この映画の主人公ハナム(ポール・ジアマッティ)は全寮制の名門バートン校に長年務める歴史教師。独身。変だし融通が効かないので生徒から嫌われている。そんな彼が一応自身の言動を常に反芻しながら生きていることに、クリスマス休暇なのに家庭の事情で学校にたった1人置いてけぼりの生徒アンガス(ドミニク・セッサ)は、学校の外に出られない不本意の中、彼と接していくうちに初めて気づく。ハナムの負い目がどこから来るのか、そしてなぜアンガスはそれに気づける側の人間なのか、その理由もしっかり描かれている。ただ言動が面白いだけじゃなくてその根っこにあるものについて考えさせてくれるから完璧な脚本だと思う。そして今回特に際立っていたのは料理長のメアリー(ダヴァイン・ジョイ・ランドルフ)。どしっとした風体でなんだか強そう。安心感がある。でも夫をずっと前に亡くし、ベトナム戦争によって唯一の息子まで亡くしてしまったから、一人ぼっちで彼の母校であるバートン校で料理をふるまっている。そんな彼女だけど、なるべくしゃきっとして今を生きようとしていることが言葉やタバコを吸う姿から伝わってくる。教師が人生の先輩として生徒の指標となる作品は今までたくさん観てきたけど、今回は教師も生徒も駄目なので、その2人をちょっと客観視する重要な存在。と思いきや...の部分で三角形の構図が見事に機能してくるのが本作の肝。

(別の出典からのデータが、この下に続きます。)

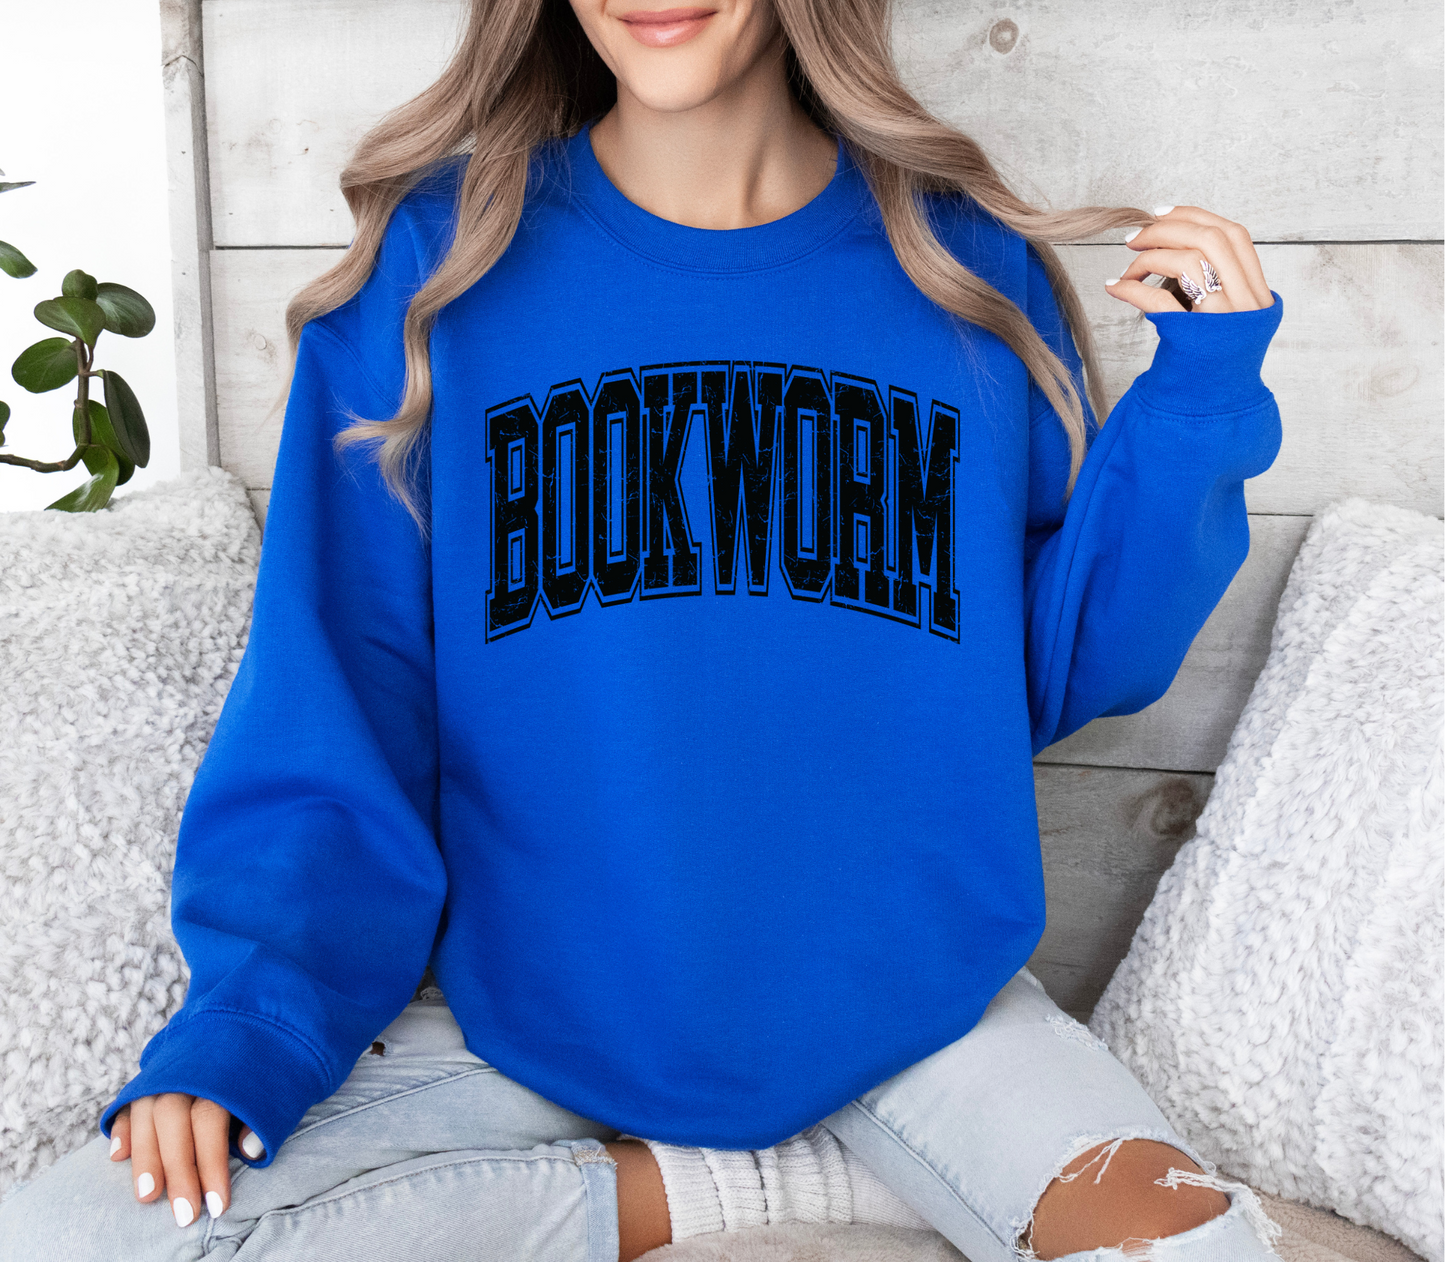 Bookworm Crewneck
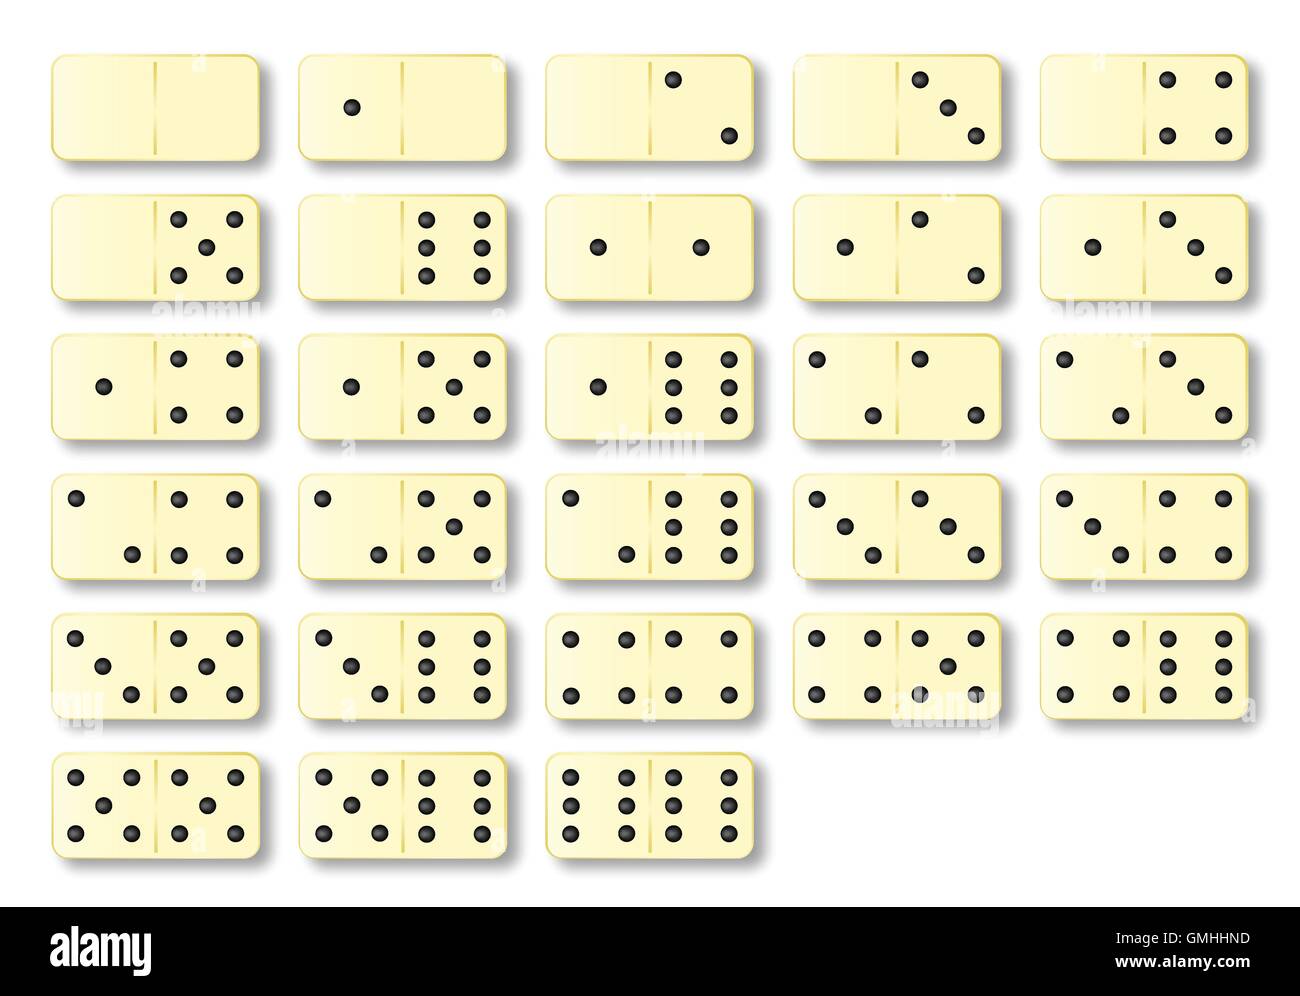 Fichas de dominó Imágenes vectoriales de stock - Alamy

"強い人間なんて本来いない。だけど、人間は辛いとき互いに寄り添い合えるとても強い生き物なんだ。"
後半はそんなメッセージを受け取れるけど、クリスマス当日の特例で学校を飛び出すワクワク感や疾走感を経て描かれることで全然狙ってる感じもしない。とにかくずっとハイセンスなコメディで、台詞・演出・映像・音楽が完璧。でもそういうセンスが極まるとどうなるか。ちょっとした場面で、泣ける描写じゃなくても涙腺が来ちゃう。ある悲劇的な出来事も、ロングショットで映すことでたかが滑稽で、笑えたり、でもやはり可哀想だったりする。滑稽さに哀愁を感じられればきっといい映画の証。
父親の"死"と母親からの"拒否"による孤独と退屈を抱える生徒に、「今の時代や自分を理解したいなら、過去から始めるべきだ。歴史は過去を学ぶだけでなく、いまを説明することでもある。」と歴史教師は教えてくれる。歴史が好きな自分としてもここのくだりはそれなって感じだったけど、この映画はそこで留まらないんだな。このときハナムは、アンガスの父親の"死"の真相をまだ知らない。僕も知らなかったので、知ったとき衝撃のあまり心臓がバクバクした。知った先にハナムがどんな言葉をかけ、どういう手段をとり、そしてラストシーンのあの行動にどう繋がっていくのか。終盤まで見事だった。
シーンで言うと、レストランの駐車場でチェリー・ジュビリーを作るシーンが最高。映画館を出たあとの多幸感。現実で小さな幸せに気づけるようになることが映画を観る幸せだと僕は思う。